Given that mindset, the prospect of sharing her pregnancy publicly felt overwhelming and inauthentic.

"I didn't feel immediately, like, I'm pregnant! I want the world to see it! This is my bump. I feel good in my body, I feel happy, I feel proud!," she shares. "I was really struggling. I was scared. I was like, I don't know if I'm ready.

"I knew that there would be a very, very positive response," Bellisario adds, "but it felt like an outward pressure that I didn't want to add to the mix. Being a public figure, I think people expect you to behave a certain way. And maybe I was wrong, but I thought that if I was public about my pregnancy, that then people would expect the bump pictures and expect the updates and expect the 'I'm so happy' and expect the 'this is going amazing.' And I was like, I don't feel that way. I still feel sick and I still feel scared and I don't want to share this right now. So I was really private about it, and then it just kind of became something that I loved being private about, because I got to protect the beginnings of my daughters' life."

While the star had "the queen of doulas" to help her create a birth plan and verbalize what she needed during labor — "as we're learning and talking about a lot right now in the current climate, it's a major medical emergency and you have to advocate for yourself," the actress notes — it wasn't until she actually had her first daughter in her arms that Bellisario fully comprehended the significance of what motherhood would mean to her.

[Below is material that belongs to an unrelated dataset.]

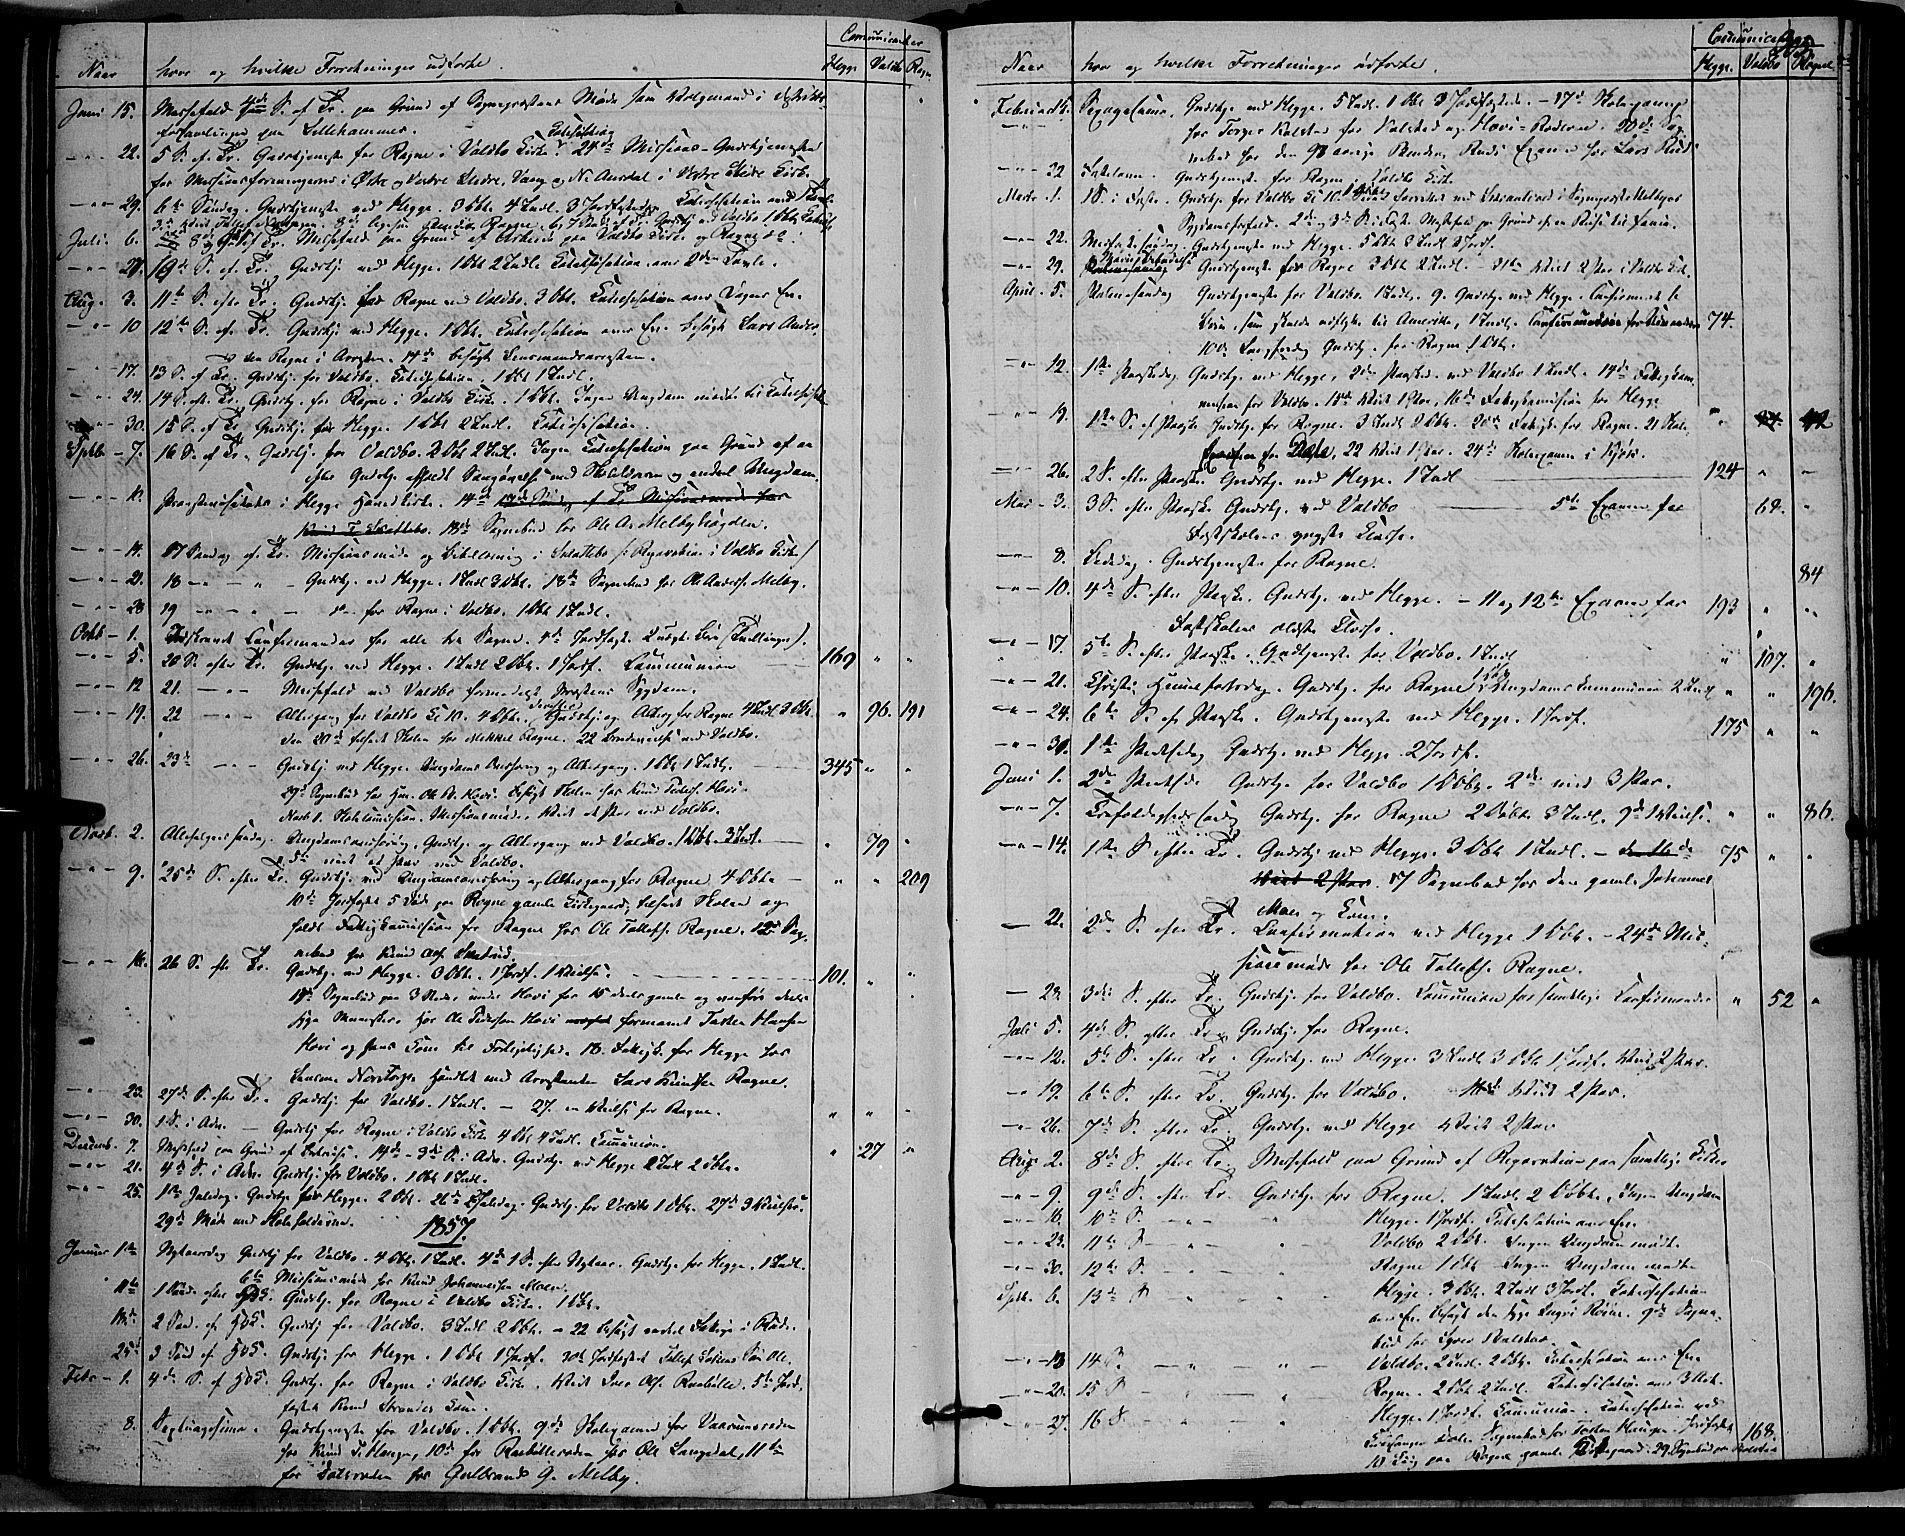 SAH, Øystre Slidre prestekontor, Ministerialbok nr. 1, 1849-1874, s. 304
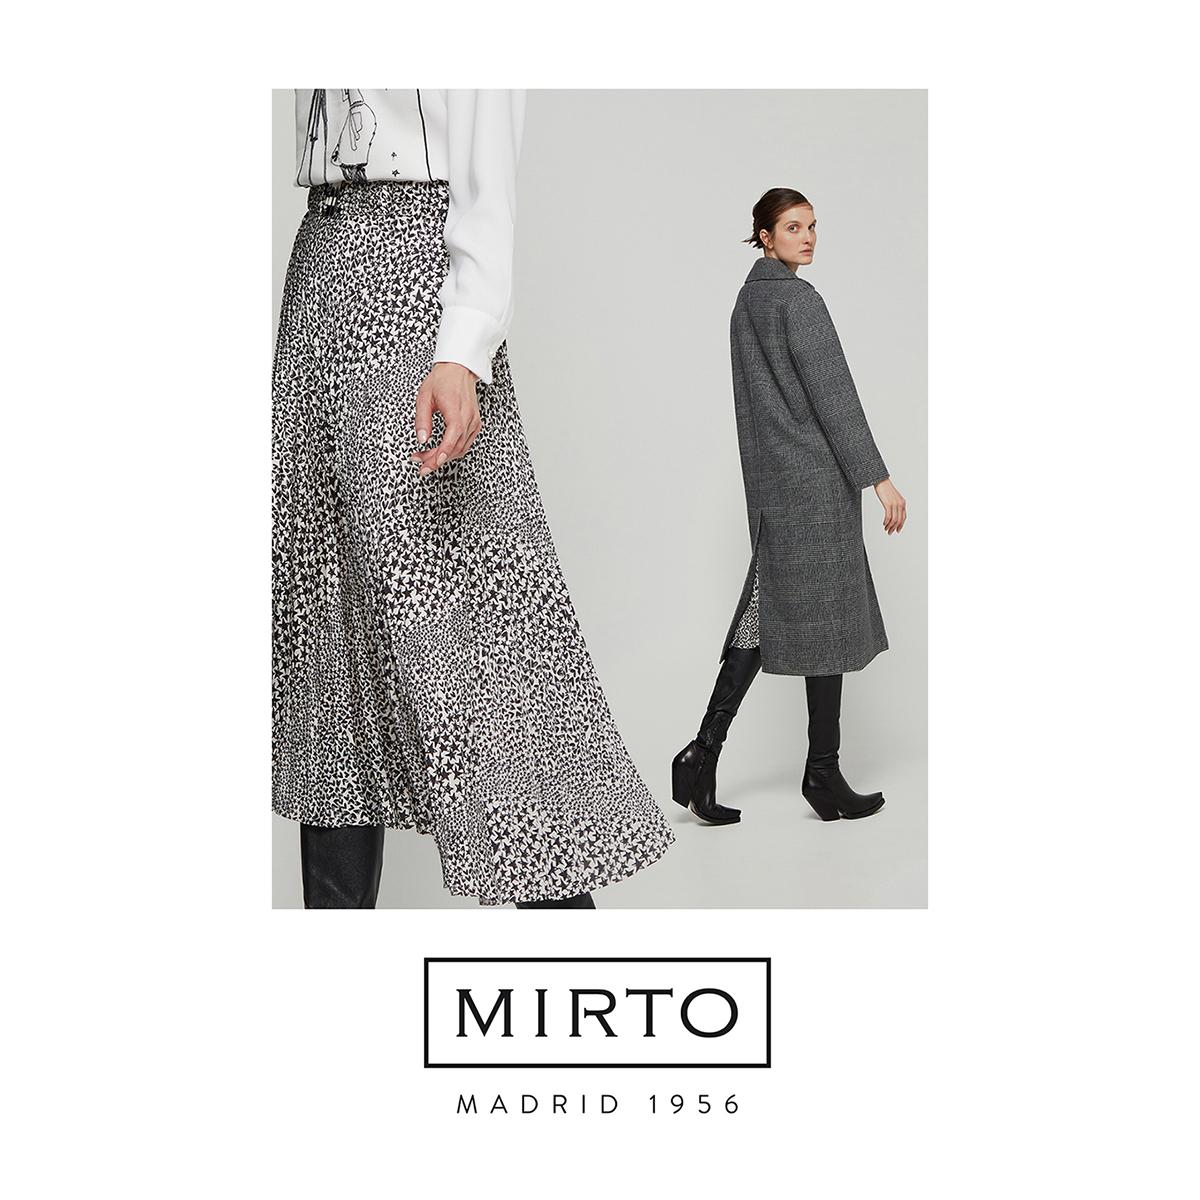 Mirto2 - copia2

'What was so wild for me was to understand that this was one of the most important people in my life, and I was only meeting her now," she says. "I was 32 at the time. And when she came out, I remember holding her and being like, 'Oh my God, you are going to be like the moon in my sky. You are the most important person that I'm ever going to meet. And it took 32 years for me to get to meet you. Like, this is so wild.'"

Baby No. 2 came with her own surprise: a sudden arrival in the family car — henceforth known as "the Birth Mobile."

"Me and my husband didn't make it to the hospital," Bellisario says of the dramatic birth. "So he became my doula and delivery doctor and delivered our baby in our car.

"I felt like I was on Jupiter," she recalls. "I was mentally on a different planet. I remember the sensation of her coming out and I remembered when my first daughter was in my birthing canal and I was like, oh, this is what it feels like when she's coming out. So if this is happening right now. Even though this was the most excruciating pain I'd ever experienced, because I didn't make it to the hospital, I didn't have an epidural. ... I was like, OK, I know it's about to be over. So like, I might pass out, but I also know she's on her way out, so I'm almost done. And I just remember just, like, non-verbally using every ounce of my energy to communicate to Patrick, like, 'just catch her, don't pull, just catch, I will push' because I couldn't say anything. I think I probably sounded like a demented cow at that point. And he did. He intuited my wishes and he caught her."